The thing is, just adding more SQL boxes isn’t always the answer. If you have complex queries that take a long time to run, then adding another box won’t help anything. It just gives you another box to run your complex query on at the same slow speed. Even if you’re only doing simple queries, adding more database boxes isn’t necessarily the answer. Good SQL boxes are expensive—doubly so if you’re using a big commercial DB package such as SQL Server or Oracle. While you might be able to afford buy more, you don’t want to if you can avoid it.
Instead, you should focus on just not hitting the database in the first place.
The S in WISC
It turns out that there are already some mechanisms we had in place to help with this. We prefetched certain data that we knew we needed nearly every request (like the full list of repositories), and then used that cache for any other lookups during the request. And LINQ to SQL does a bit of its own per-request object caching in certain situations (such as querying an entity by primary key), so we already had some actual data caching going on.
While that kind of stuff can help, what we really wanted to do was to try to avoid talking to SQL at all for common operations. Those complex queries that Kiln does—things like showing the amalgamated DAG for all related repositories—take a long time to run, but the resulting data doesn’t actually change that often. This is a clear and wonderful win, if we can pull it off.
Making it Happen
There were two problems we had to solve: where do you cache the data? and how do you get it there?

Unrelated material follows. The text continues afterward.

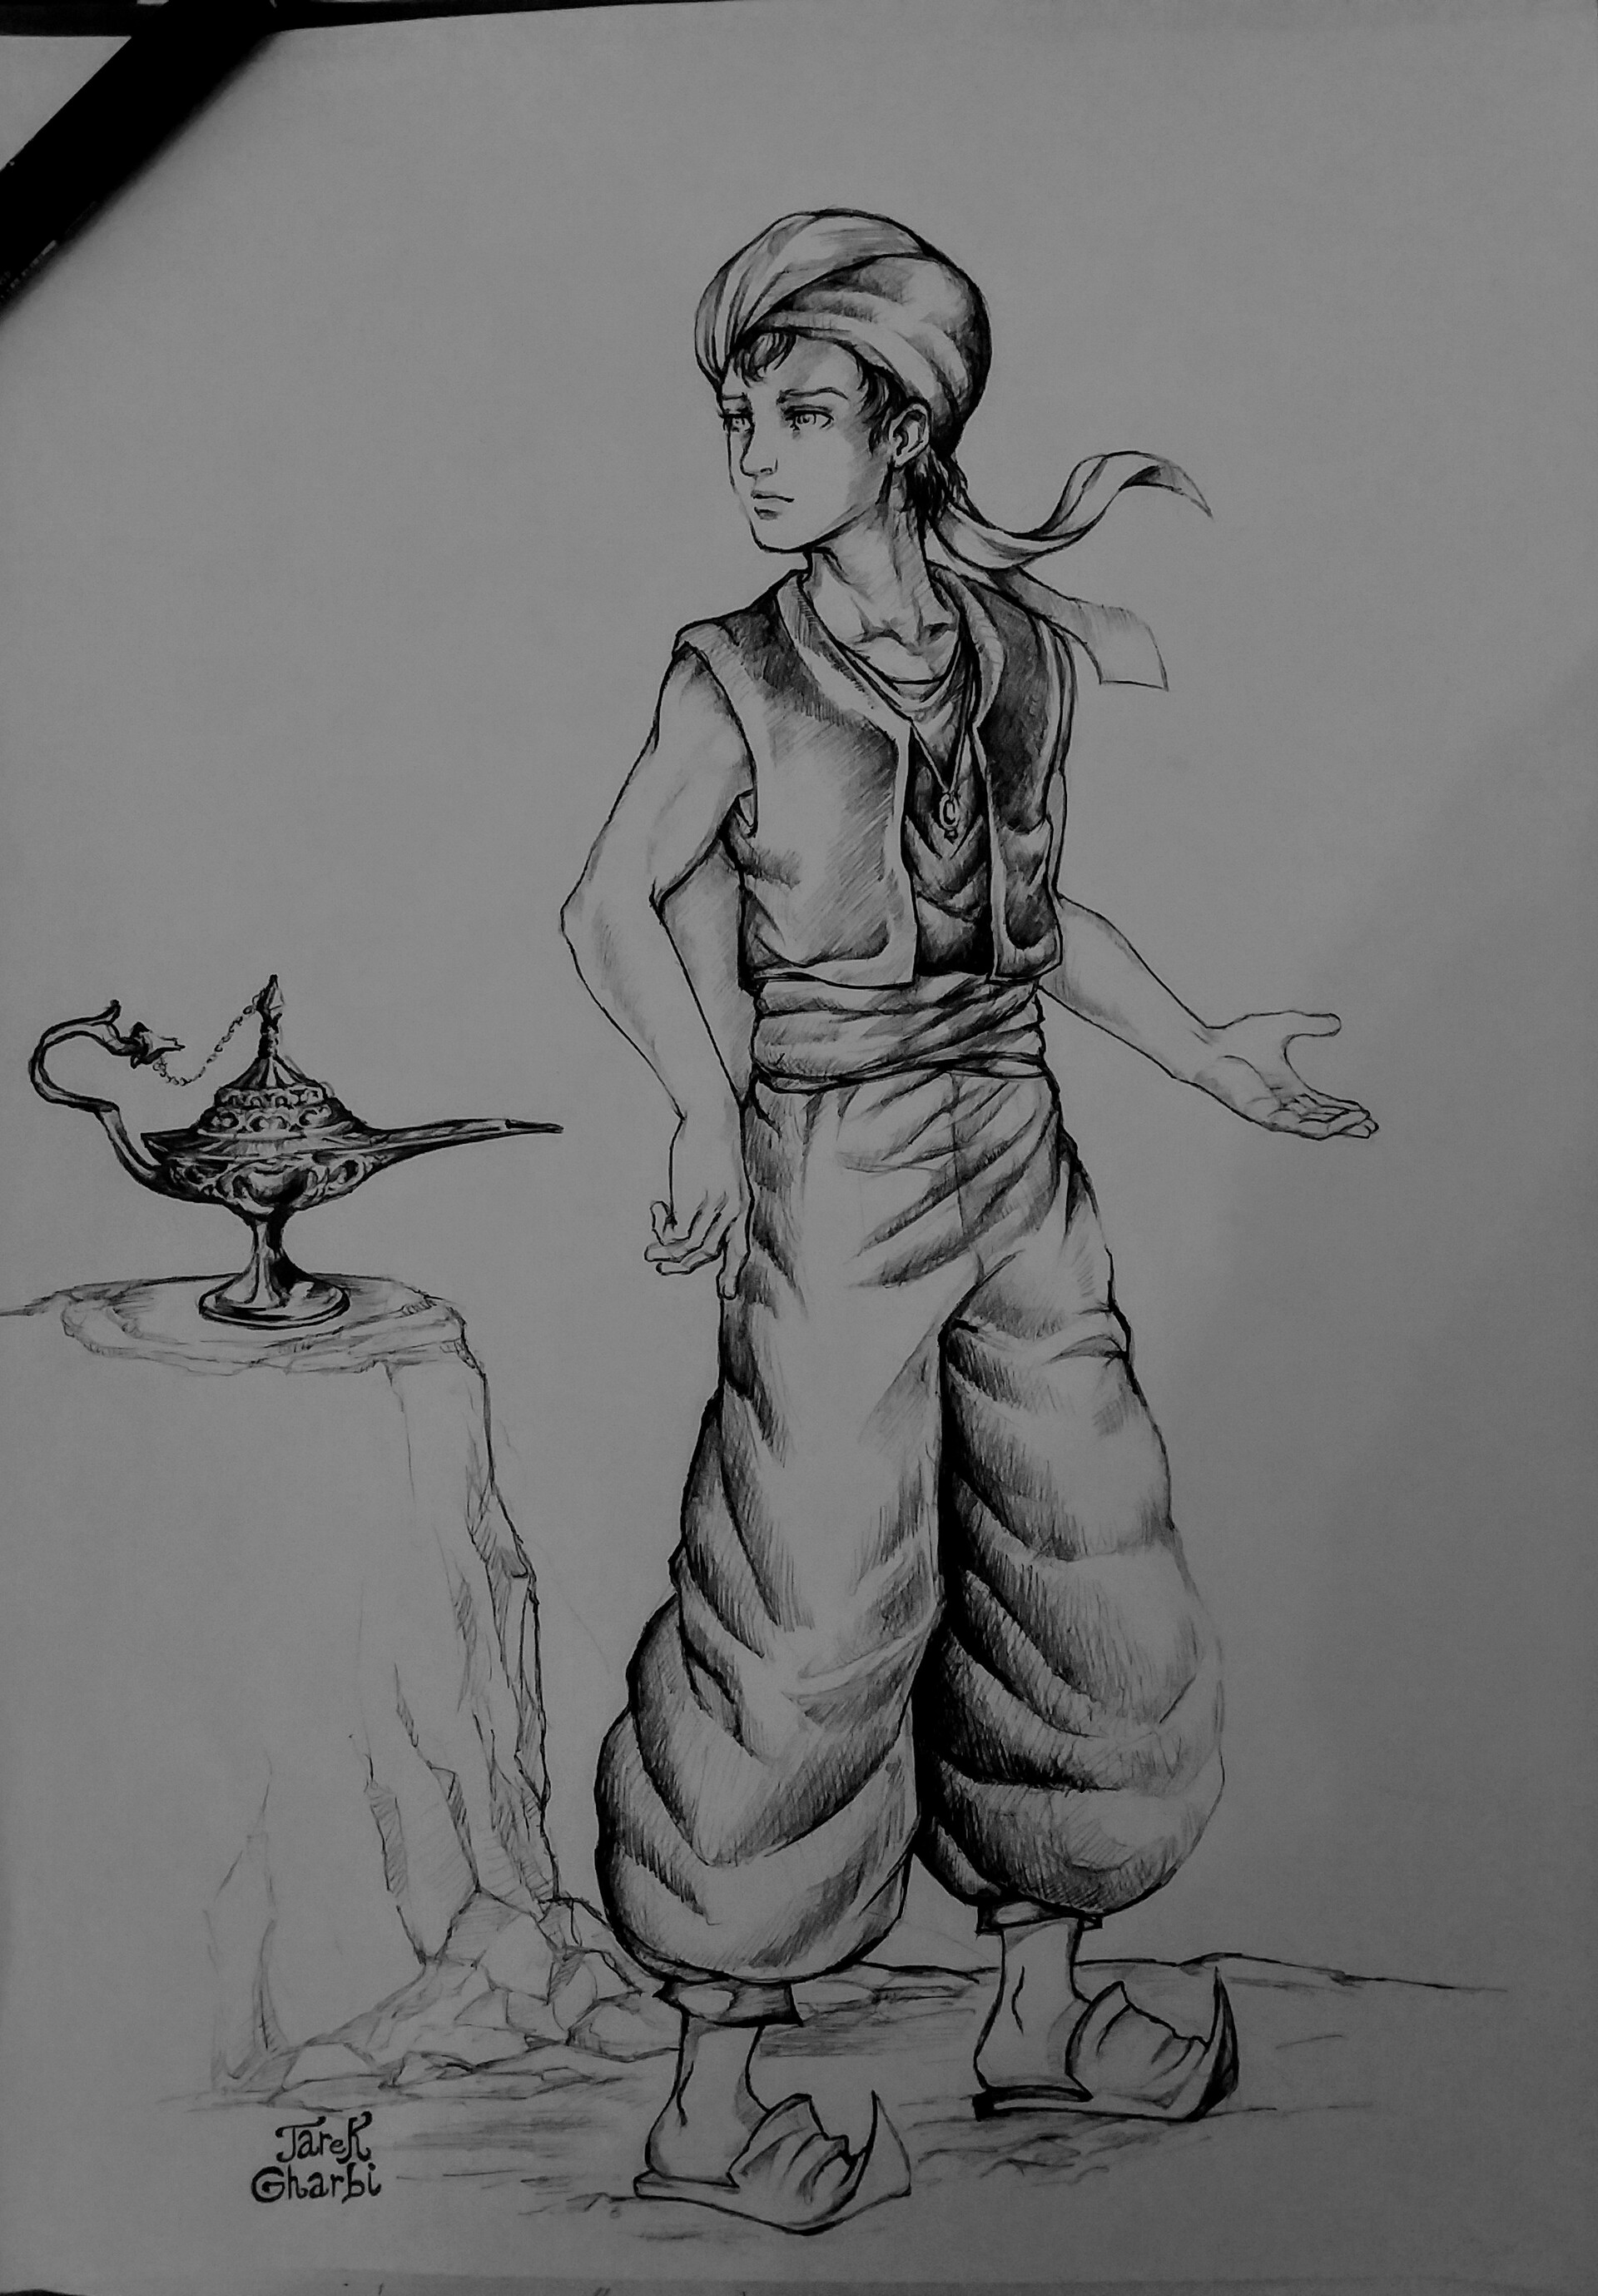 Aladdin sketch by Atnica on DeviantArt

The second part was much more difficult. Kiln uses LINQ to SQL for its database access layer. That meant we had a problem: LINQ to SQL is a very complex beast, where objects have a database context that in turn is aware of all the objects that it’s managing. If you just grab a random LINQ object and throw it into Memcache, then it is not going to deserialize cleanly. Throw in that we have piles of custom logic in our LINQ-to-SQL-backed models, and you’ve got a recipe for pain.

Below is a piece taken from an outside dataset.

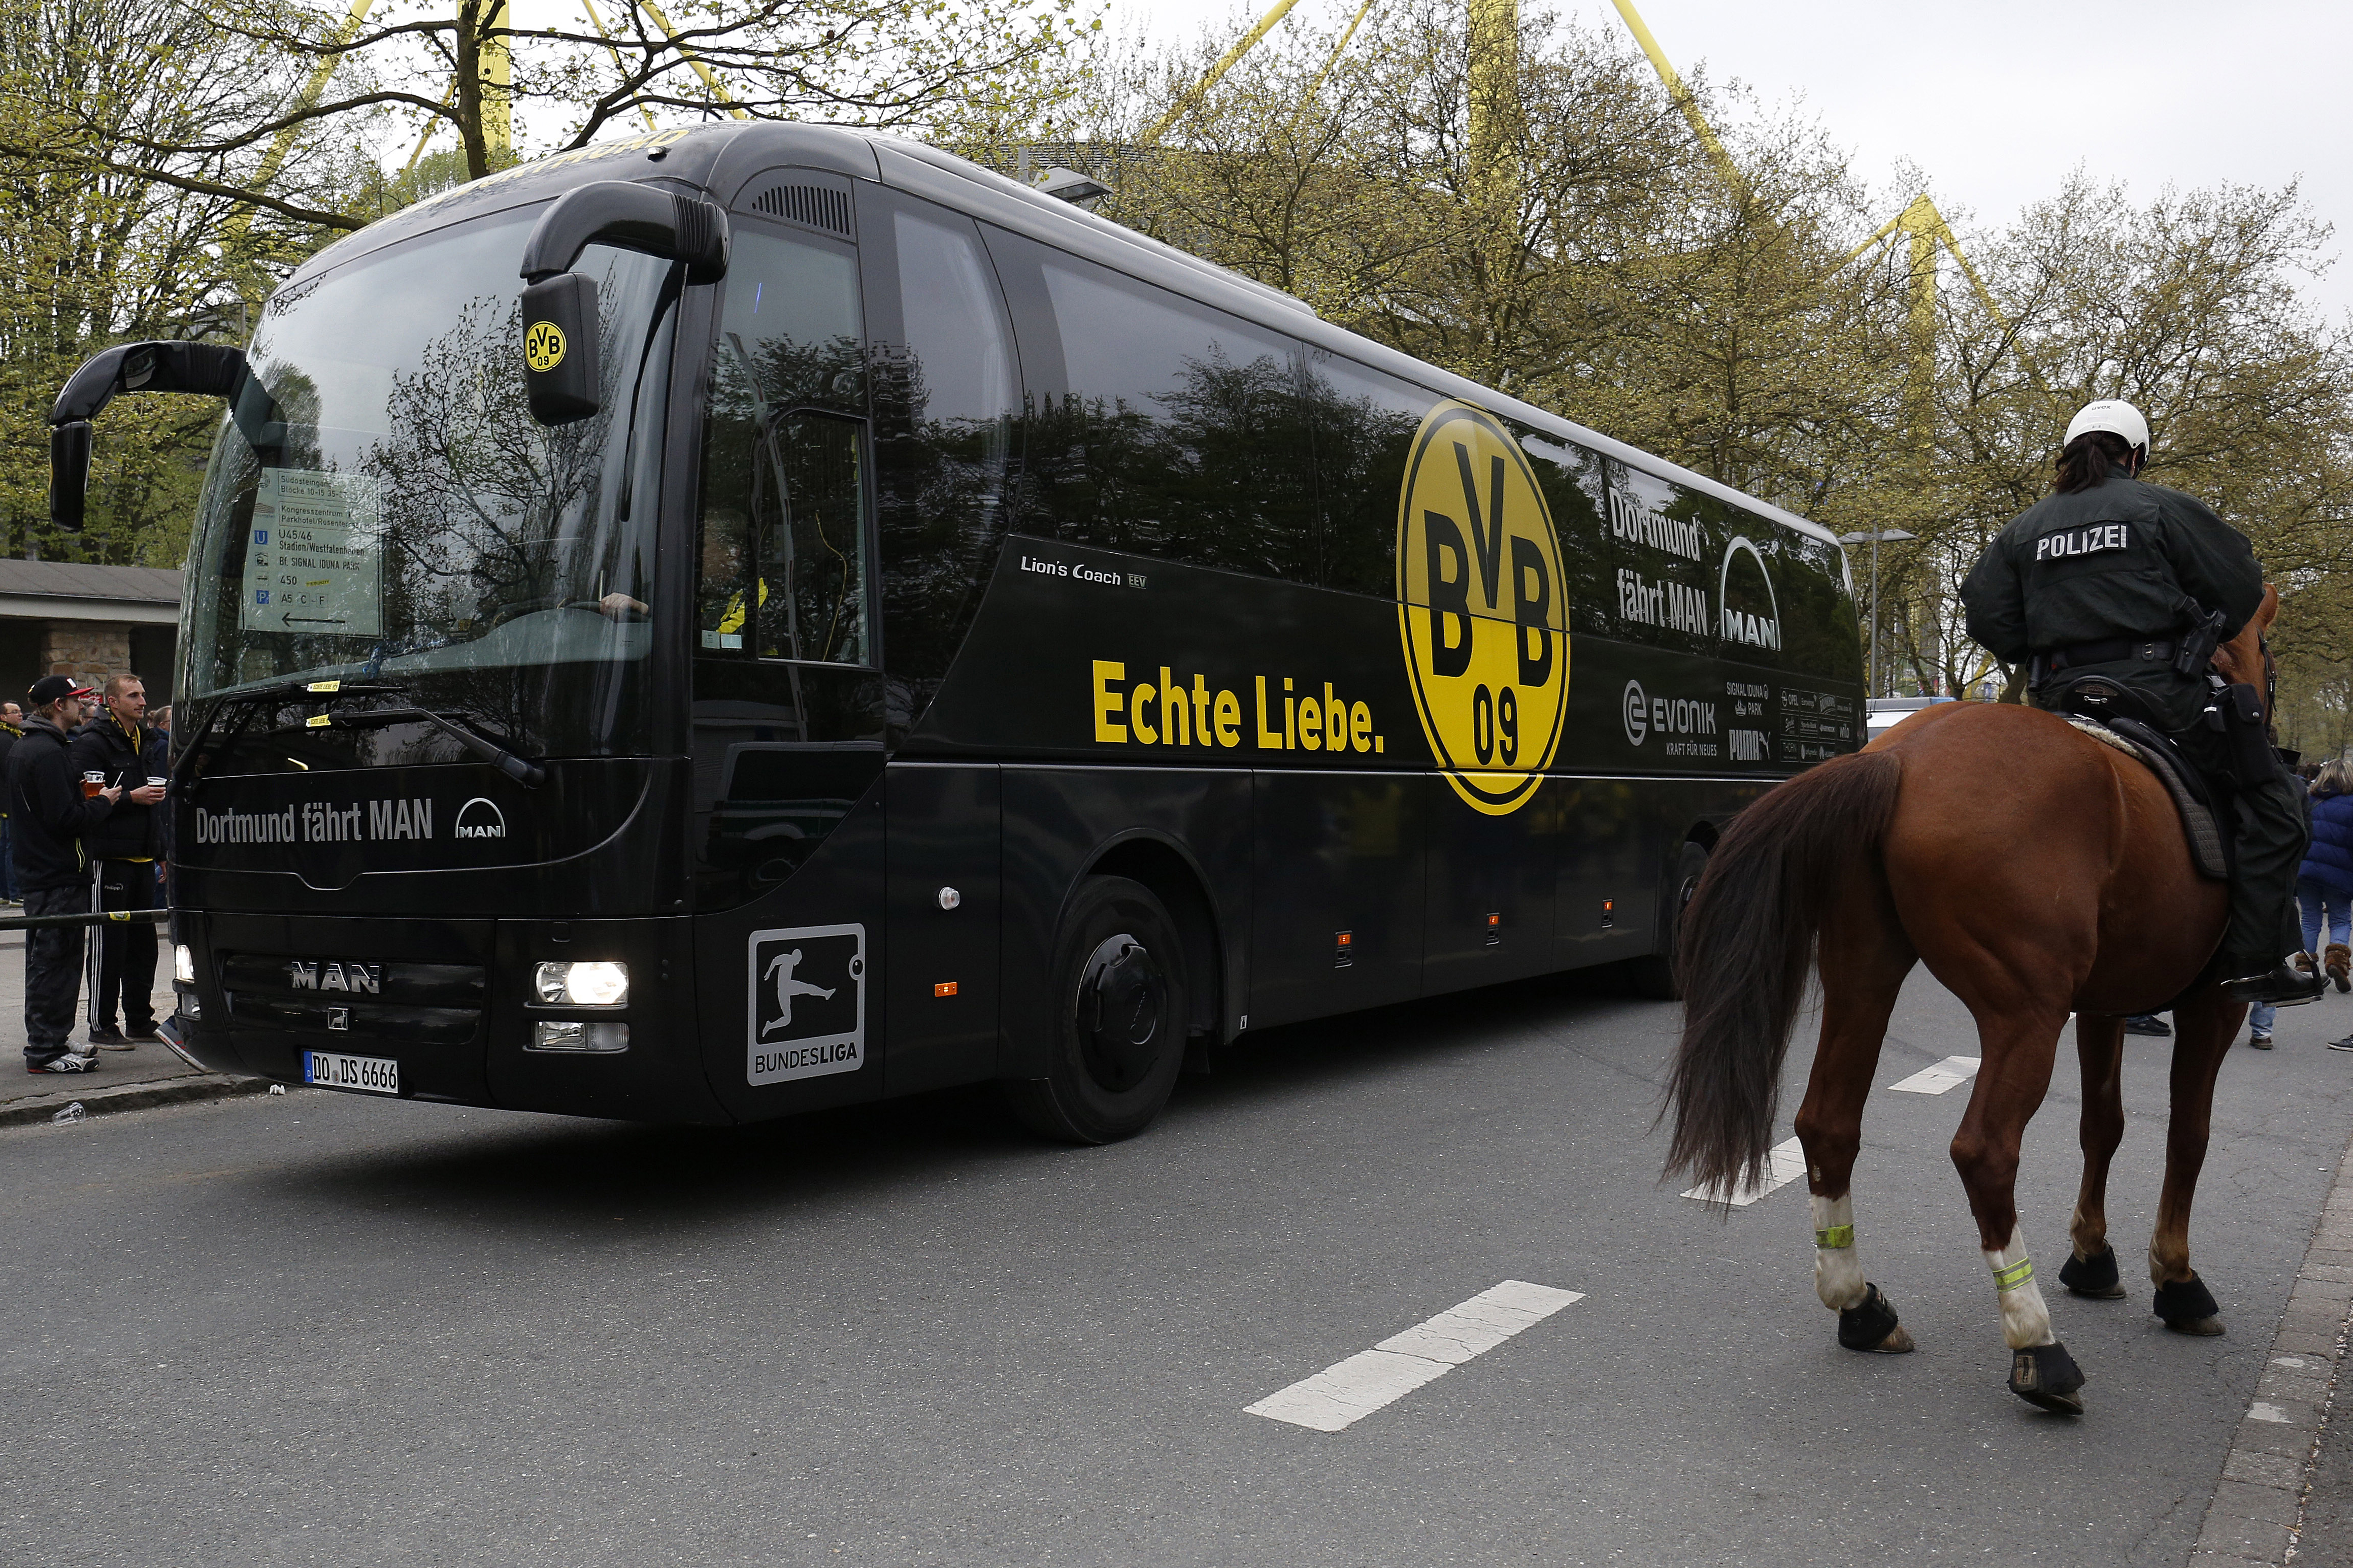 Beismerő vallomást tett a férfi, aki megpróbálta felrobbantani a Borussia Dortmund csapatát szállító buszt

We ended up solving this in two different ways:
- We modified our models to allow for detaching and reattaching to the database context. Before serialization, the object is detached, so it has no controlling database context. On deserialization, we attach it to the current context. This isn’t as fast as grabbing an attached object out of a cache (such as the old per-request prefetch cache mentioned earlier), but ends up incurring minimal overhead for the common case.
- We also had to modify our models to know that they might not have come from the DB. We rely heavily on signal handlers to make changes in a given model class propagate to all the parts of Kiln that need to be notified. These were firing erroneously as the deserialization code set piles of properties. The fix we came up with was to suppress signals for deserializing objects—which, since most of our model modifications are done by T4 templates anyway, was very easy to do in a DRY manner.
With these two changes, we were able to reliably store LINQ database entities in Memcache, get them back out, and work with them.
It was easy enough to verify that the number of queries was down, but would the caching code make a real difference?
I think this graph of what load looks like on one of our DB boxes, before and after the caching deployment, says more than I could in several paragraphs of text:
We’ve cut the amount of data we’re getting from SQL by 75%.
The benefits we’re seeing are already impressive. We have faster load times and less DB traffic. But we can still do a lot more: now that we have the outlines of a caching framework, we can continue to profile and to move more of our expensive queries into the cache. Based on what we’ve seen so far, this should yield immediate and real benefits to our Kiln On Demand customers.